Contingent Liabilities and Guarantees:
Citizens and its subsidiary are parties to
litigation arising in the ordinary course of business. Management believes that the aggregate liability, if any, resulting from these proceedings would not have a material effect on Citizens consolidated financial position or results of
operations. Citizens has performance obligations upon the occurrence of certain events under financial guarantees provided in certain contractual arrangements.

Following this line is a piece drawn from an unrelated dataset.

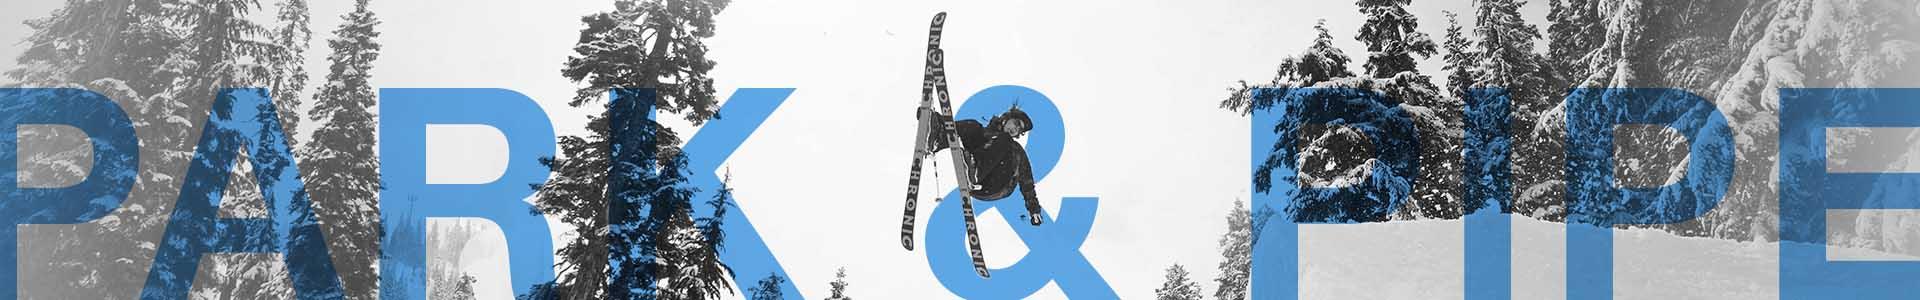 ski-skis-parkandpipe-1920x300.jpg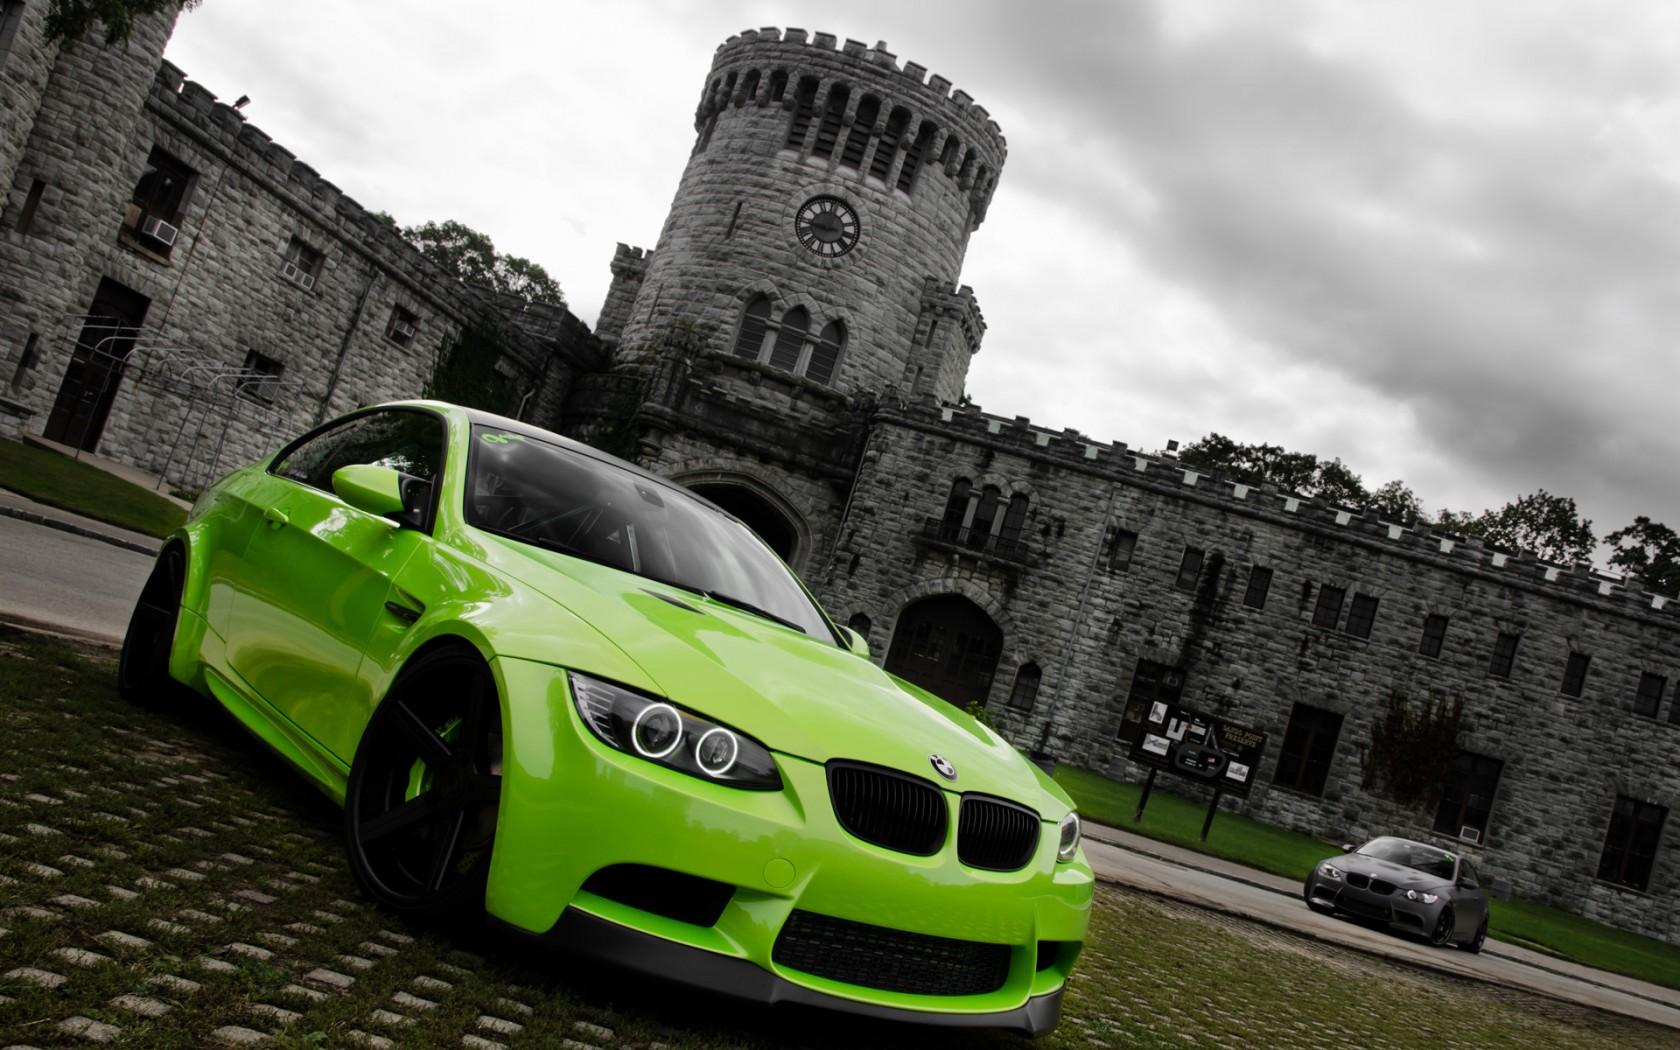 Green BMW M3 Wallpaper | HD Car Wallpapers | ID #2576

Prior to June 2008, when Citizens sold its residential mortgage originations to several secondary market participants, it made various standard representations and warranties. The specific representations
and warranties made by Citizens depended on the nature of the transaction and the requirements of the buyer. In the event of a breach of the representations and warranties, Citizens may be required to either repurchase the mortgage loans (generally
at unpaid principal balance plus accrued interest) with the identified defects or indemnify the investor. During both 2012 and 2011, Citizens repurchased $6.2 million and $2.2 million of loans, respectively, pursuant to such provisions. Citizens
recorded $6.4 million and $4.3 million in 2012 and 2011, respectively, in Other Expense on the Consolidated Statements of Operations related to repurchasing or indemnifying such loans.
Purchase Obligations:
Citizens has entered into contracts for the supply of current and future services incurred in the ordinary course of business, such as data processing and certain property
management functions. Citizens often purchases services from vendors under agreements that typically can be terminated on a periodic basis.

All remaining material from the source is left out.